The answer is $bf(b)-af(a)$ but I am wondering how to get the answer.

1 Answers 1

1

Here is a graphical proof (that doesn't assume that $f$ is differentiable).

Take a look at the following figure :

enter image description here

The colored areas constitute a rectangle whose area can be computed in two ways :

A) globally, as :

$$\text{length} \times \text{width} \ = \ b.f(b)\tag{1}$$

B) by considering it as partitionned into three non-overlapping regions :

  • the blue region (deep blue + light blue) : its area is the area under the curve of $f$ starting at $a$ and ending at $b$ i.e., $\int_a^b f(x)dx$,

  • the red region (deep red + light red) : its area is the area under the curve of $f^{-1}$, starting at $f(a)$ and ending at $f(b)$, i.e., $\int_{f(a)}^{f(b)} f^{-1}(x)dx$ (one has to turn his head 90° !),

  • the green region, a rectangle whose area is : $a.f(a)$.

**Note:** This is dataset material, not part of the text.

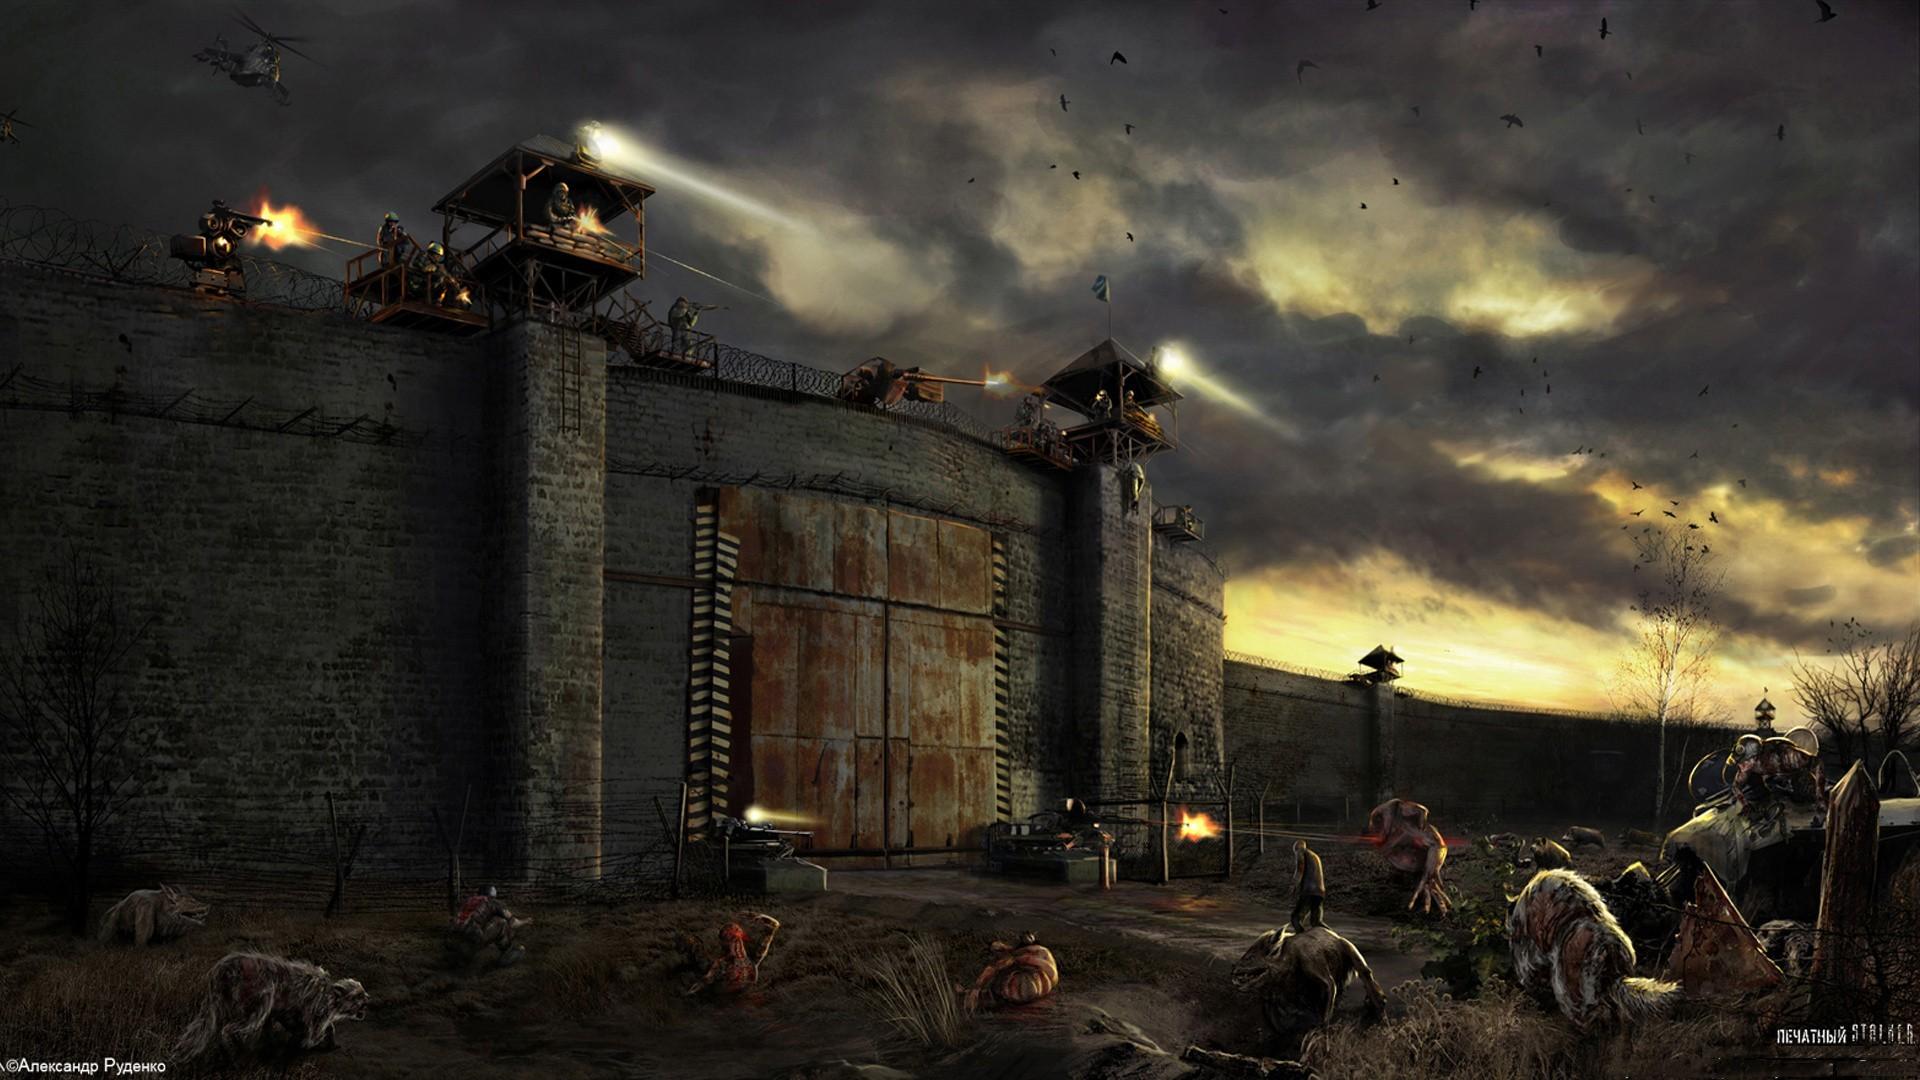 zombie apocalypse wallpaper – Google Search
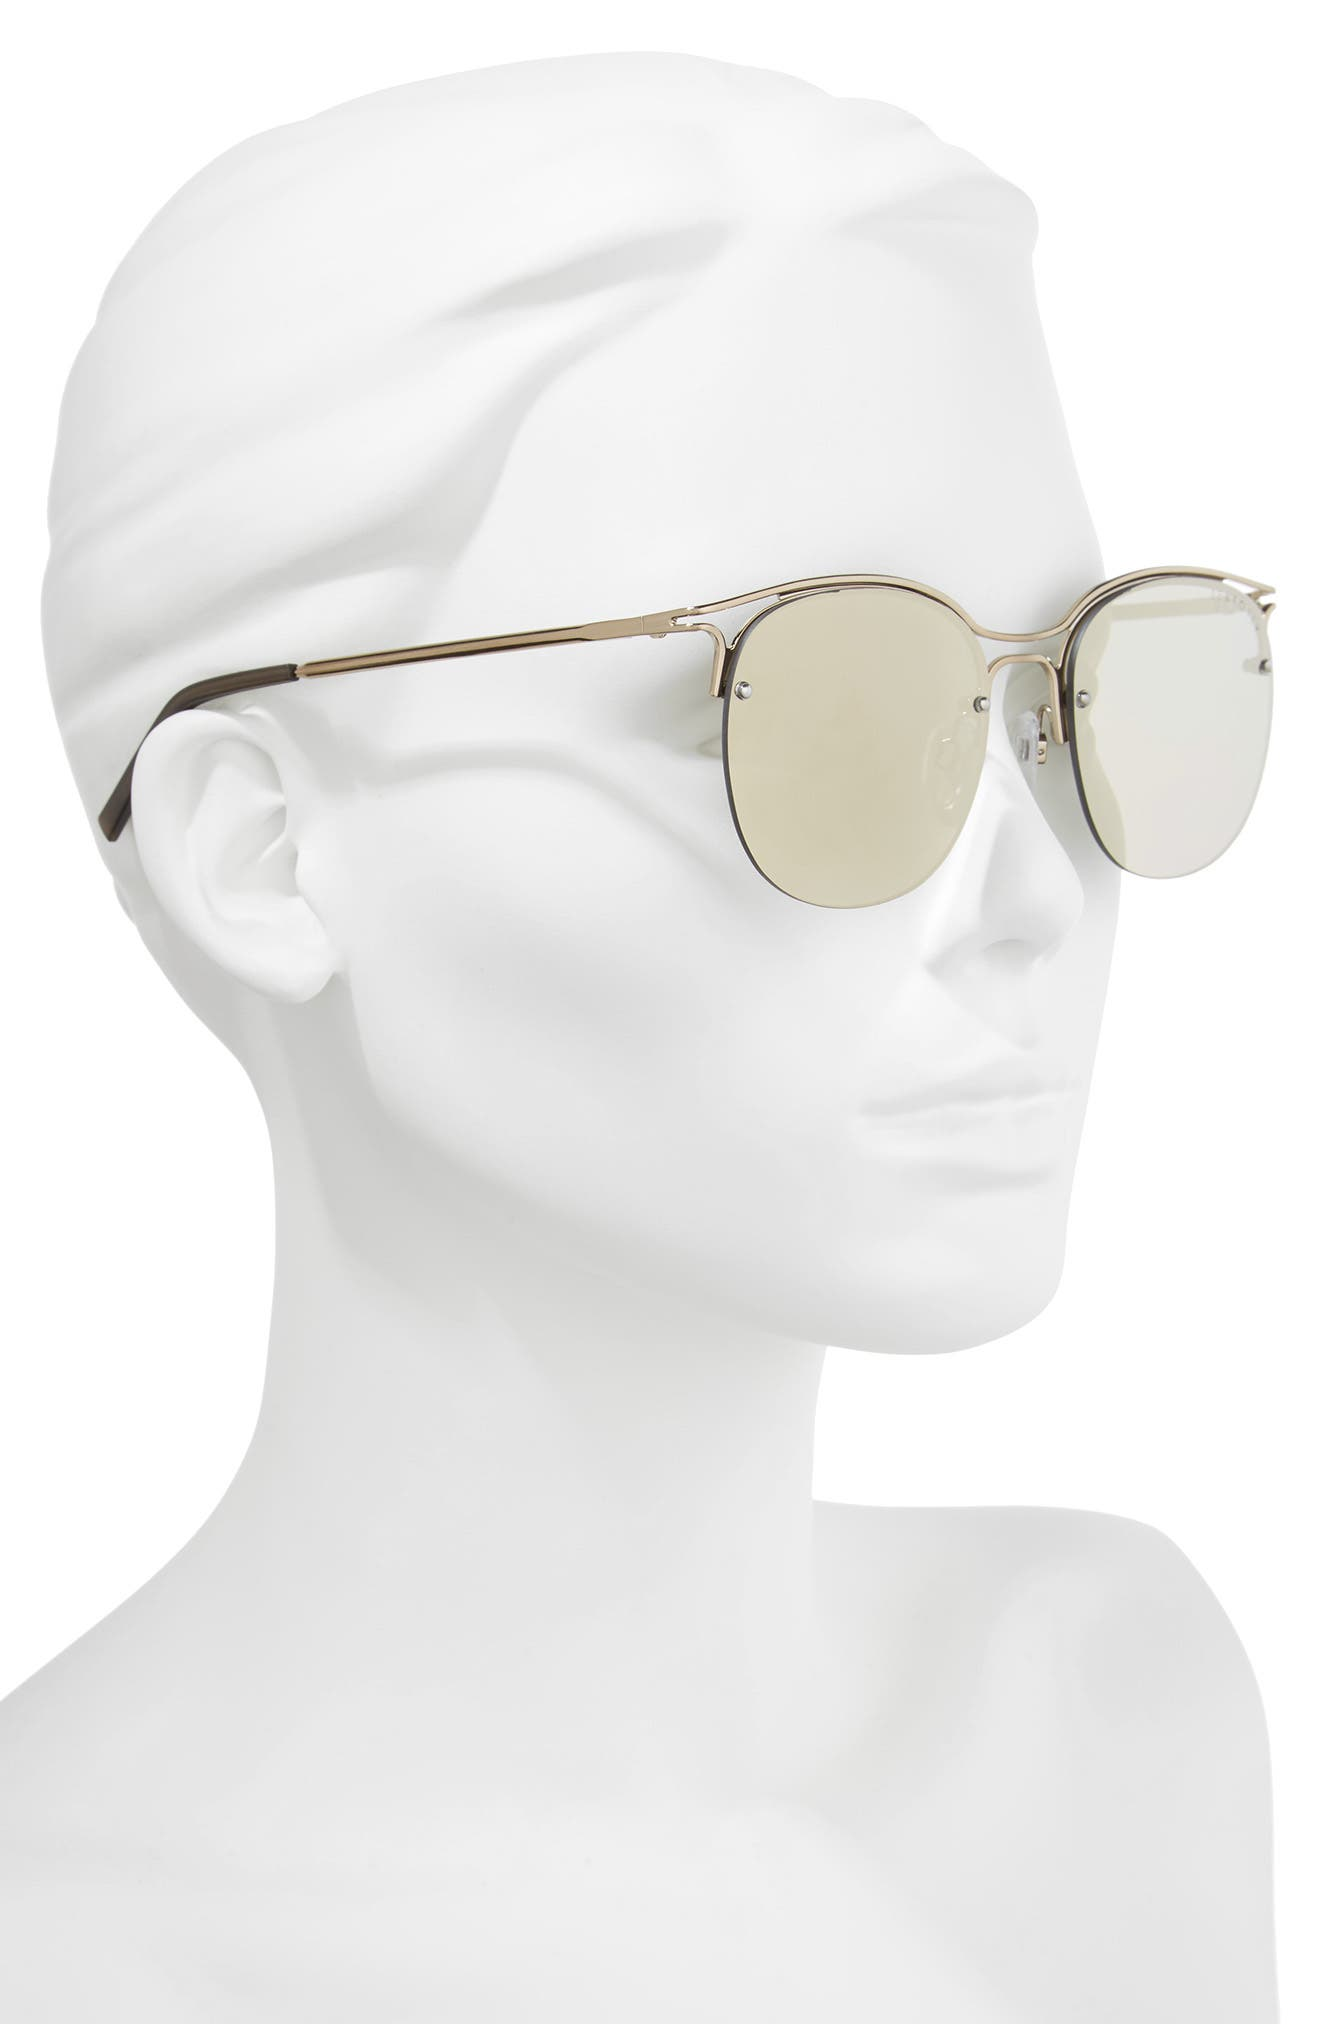 Freshwater 55m Metal Sunglasses,                             Alternate thumbnail 2, color,                             Moss

Equating the two ways of computing this area, we get :

$$b.f(b)=\int_a^b f(x)dx+\int_{f(a)}^{f(b)} f^{-1}(x)dx + a.f(a)$$

which is equivalent to the relationship you want to establish.

Addendum : It has taken me some time to spot an analogous question. Here it is, on this site : Show rigorously that the sum of integrals of $f$ and of its inverse is $bf(b)-af(a)$ with some very interesting answers (the accepted answer of Julian Aguirre, and the answer of Kobe ; the answer of Vim is the same as mine). Another reference : Prove that $\int_a^bf(x)dx+ \int_{f(a)}^{f(b)} f^{-1}(y)dy=bf(b)-af(a)$.

Last but not least, a generalisation of the equation at hand is given by Young's inequality : (http://mathworld.wolfram.com/YoungsInequality.html) as remarked in this answer (https://math.stackexchange.com/q/1154557).